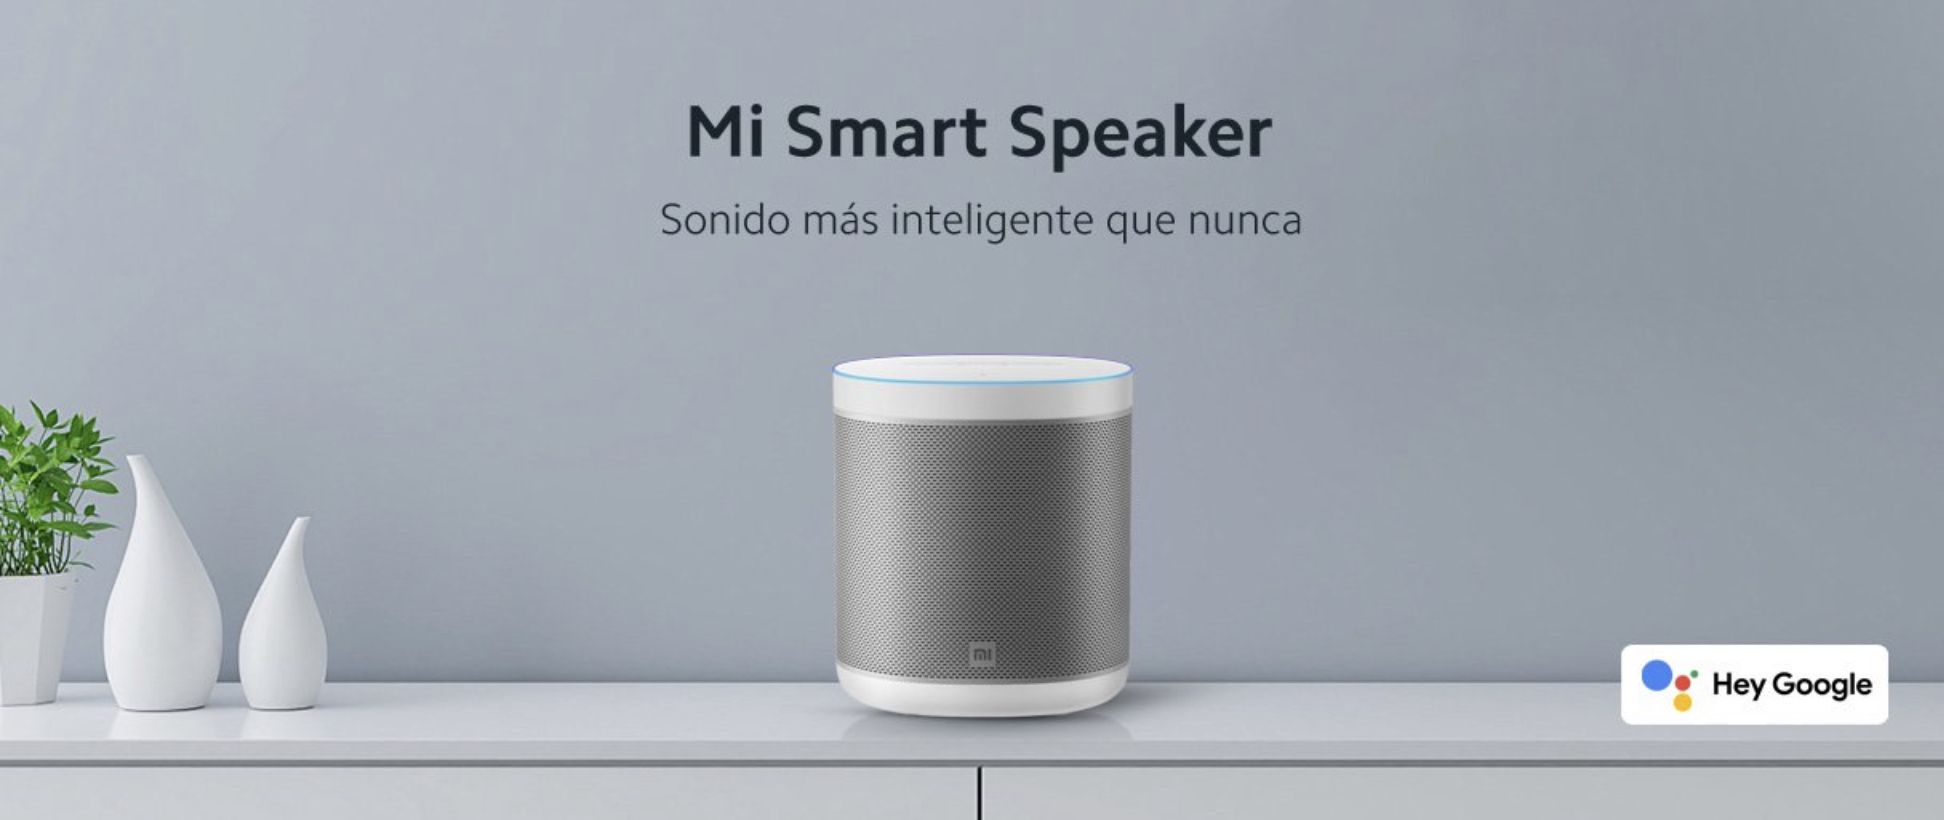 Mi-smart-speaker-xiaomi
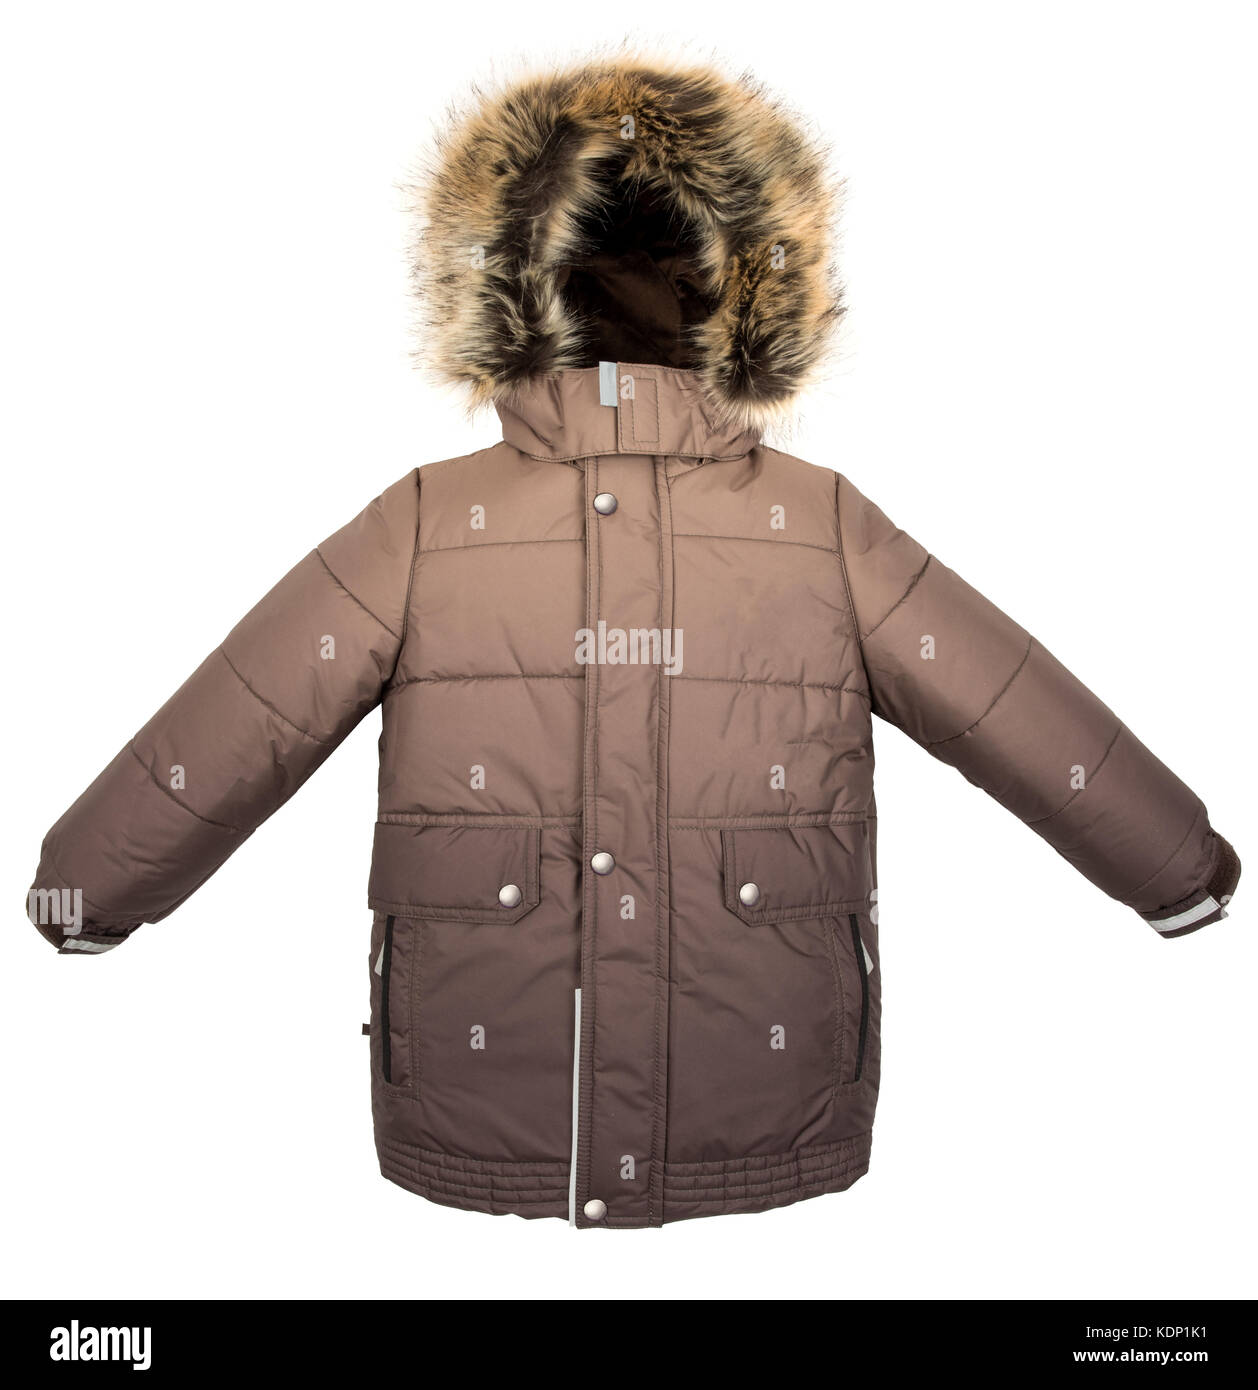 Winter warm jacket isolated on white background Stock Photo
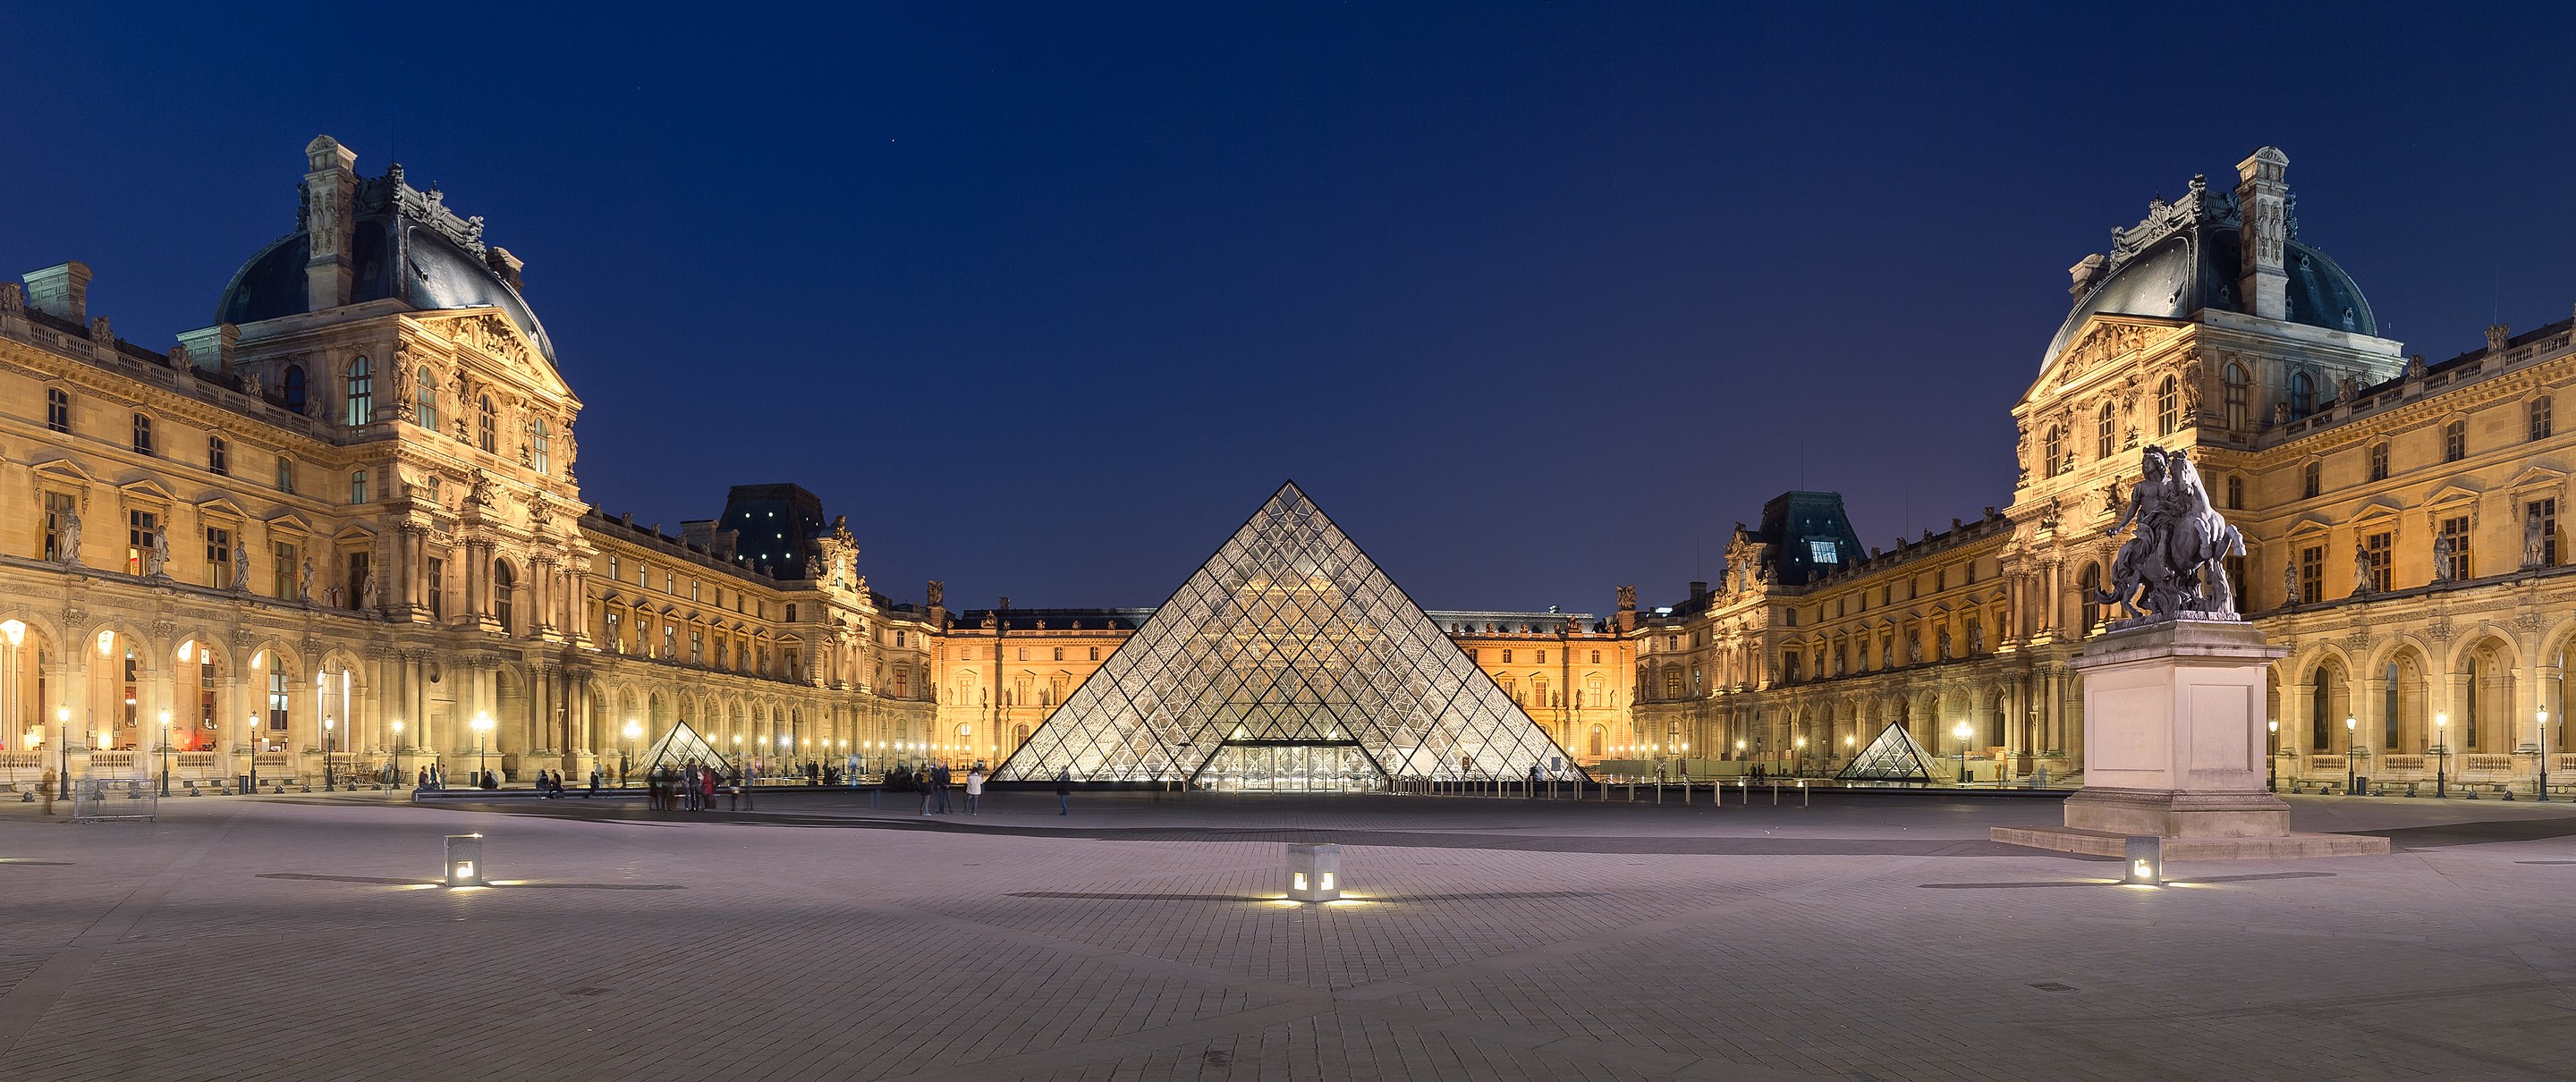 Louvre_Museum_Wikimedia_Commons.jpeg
◇ ◇ ◇ ◇
*PROBLEM REQUIREMENTS*: Copy the material above word for word, images excluded.

*ANSWER BELOW*:
 Mi-smart-speaker-xiaomi
 Winter warm jacket isolated on white background Stock Photo
 Louvre_Museum_Wikimedia_Commons.jpeg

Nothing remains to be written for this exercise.